For the nerds out there, I used Pyro to run three separate models: two simple linear regressions for the CLIP and Subject Salience scores, and an ordered logistic regression for the VLM scores (since they are on a 1-10 scale). In all models, the key parameter is beta, which represents the estimated difference between unaccusative and unergative verbs.

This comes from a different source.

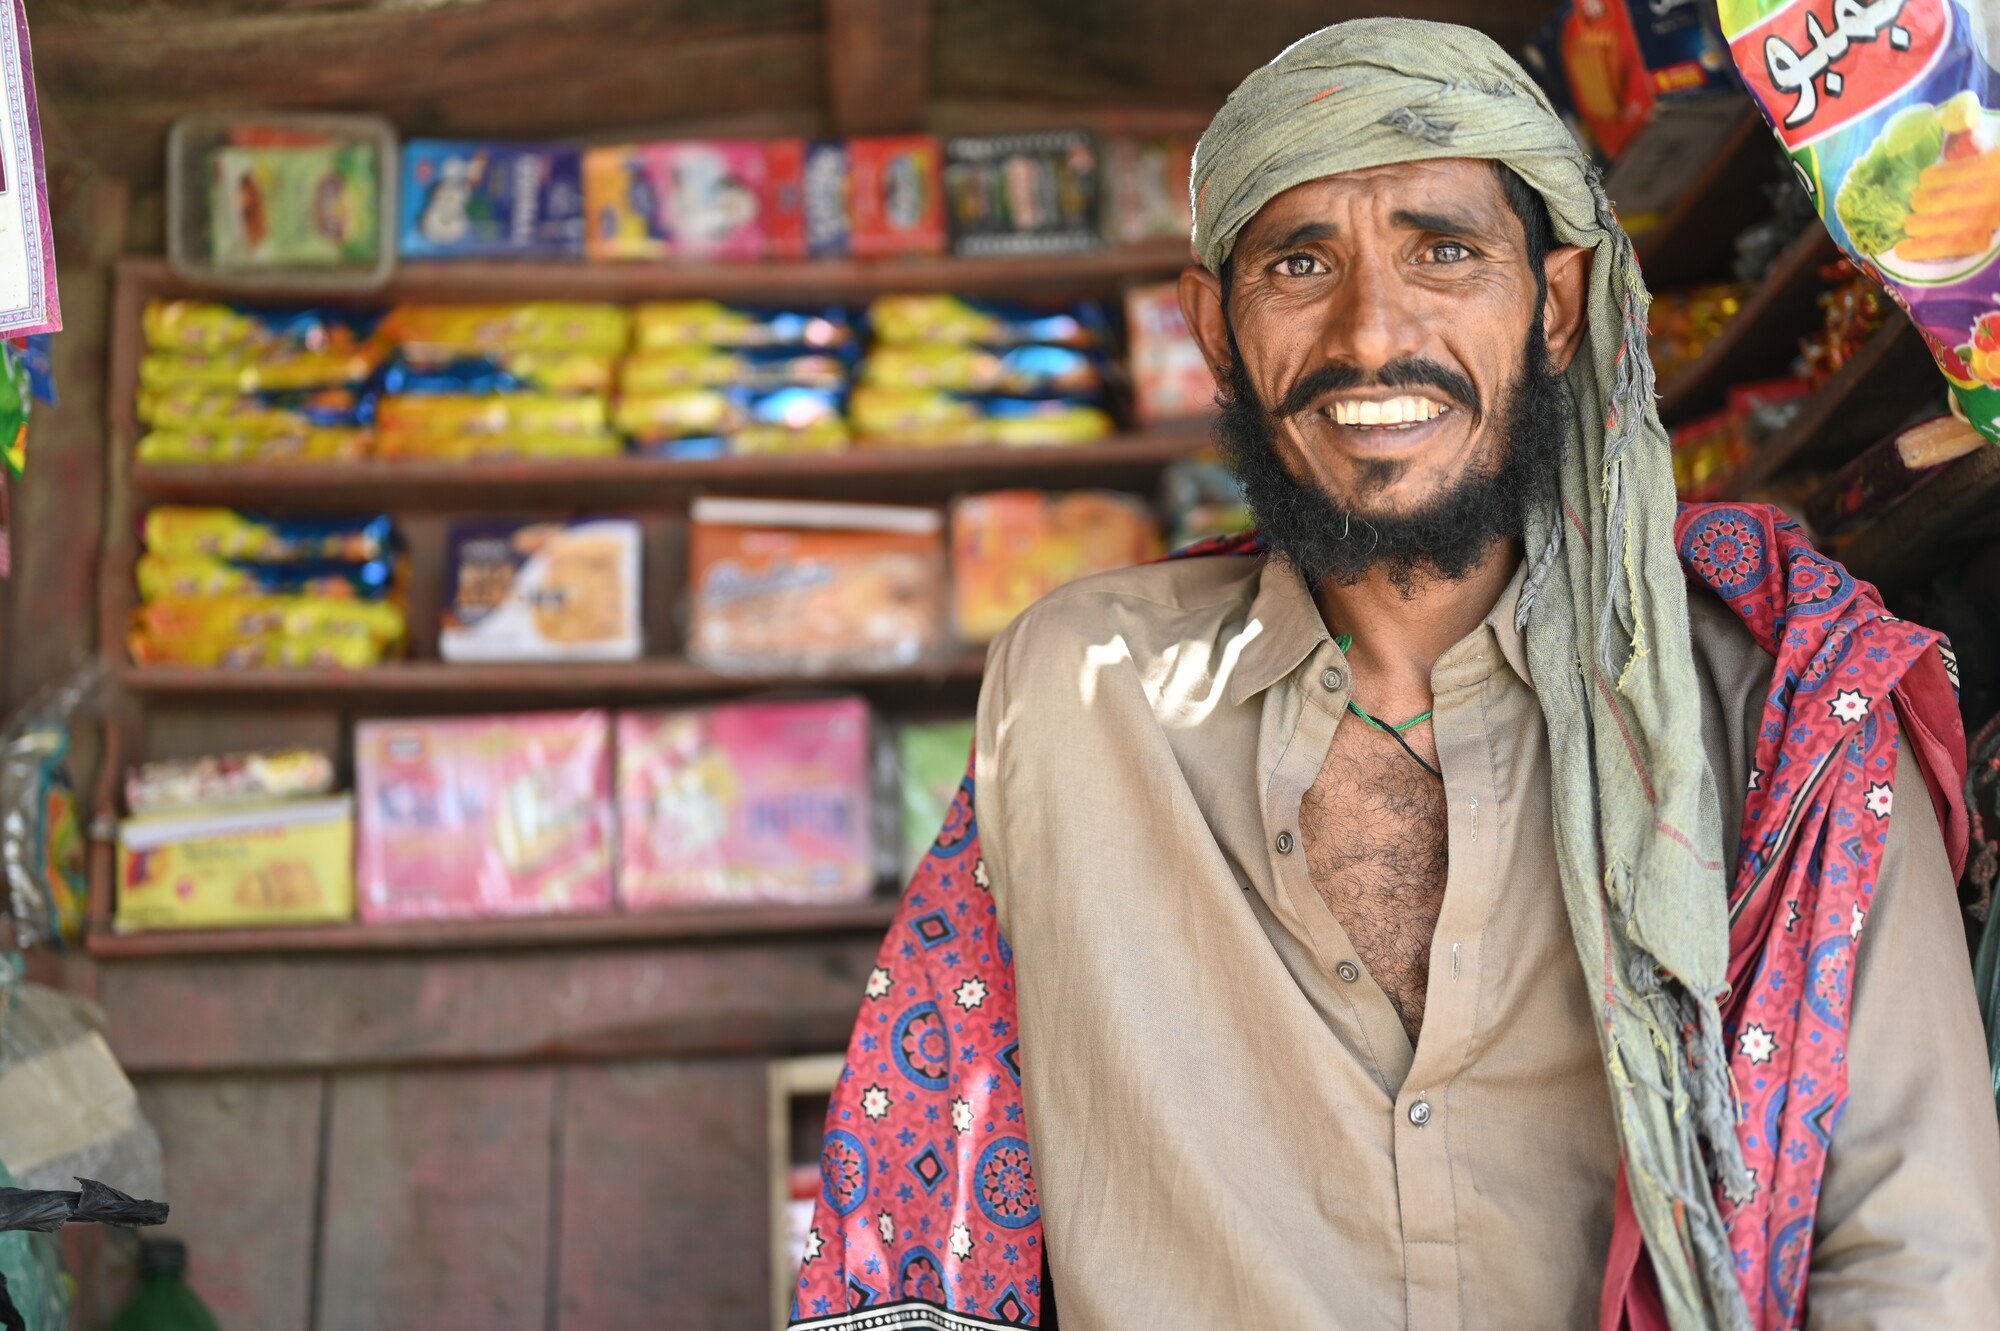 Ghulam Mustafa used cash provided to him by the Strengthening Participatory Organization to open a shop. The shop is doing well and he expects to cover the education costs of his children and expand his retail operation in the future. Tooba Niazi/Oxfam

Here’s the code to set up and run the models:

import torch
import pyro
import pyro.distributions as dist
from pyro.infer import MCMC, NUTS

# Prepare data for Pyro
# We'll center the scores and code VerbType numerically
df_pyro = df_all.copy()
df_pyro['VerbType_num'] = df_pyro['VerbType'].map({'Unergative': -0.5, 'Unaccusative': 0.5})
df_pyro['CLIP_centered'] = df_pyro['CLIP_Similarity'] - df_pyro['CLIP_Similarity'].mean()
df_pyro['Subject_centered'] = df_pyro['Subject_Salience'] - df_pyro['Subject_Salience'].mean()
vlm_score_tensor = torch.tensor(df_pyro['VLM_Score'].values, dtype=torch.long)

# Convert to tensors
verb_type_tensor = torch.tensor(df_pyro['VerbType_num'].values, dtype=torch.float32)
clip_tensor = torch.tensor(df_pyro['CLIP_centered'].values, dtype=torch.float32)
subject_tensor = torch.tensor(df_pyro['Subject_centered'].values, dtype=torch.float32)

# --- Model for CLIP Similarity ---
def clip_model(verb_type, obs=None):
    intercept = pyro.sample('intercept', dist.Normal(0., 10.))
    beta = pyro.sample('beta', dist.Normal(0., 10.))
    sigma = pyro.sample('sigma', dist.HalfNormal(10.))
    mu = intercept + beta * verb_type
    with pyro.plate('data', len(verb_type)):
        pyro.sample('obs', dist.Normal(mu, sigma), obs=obs)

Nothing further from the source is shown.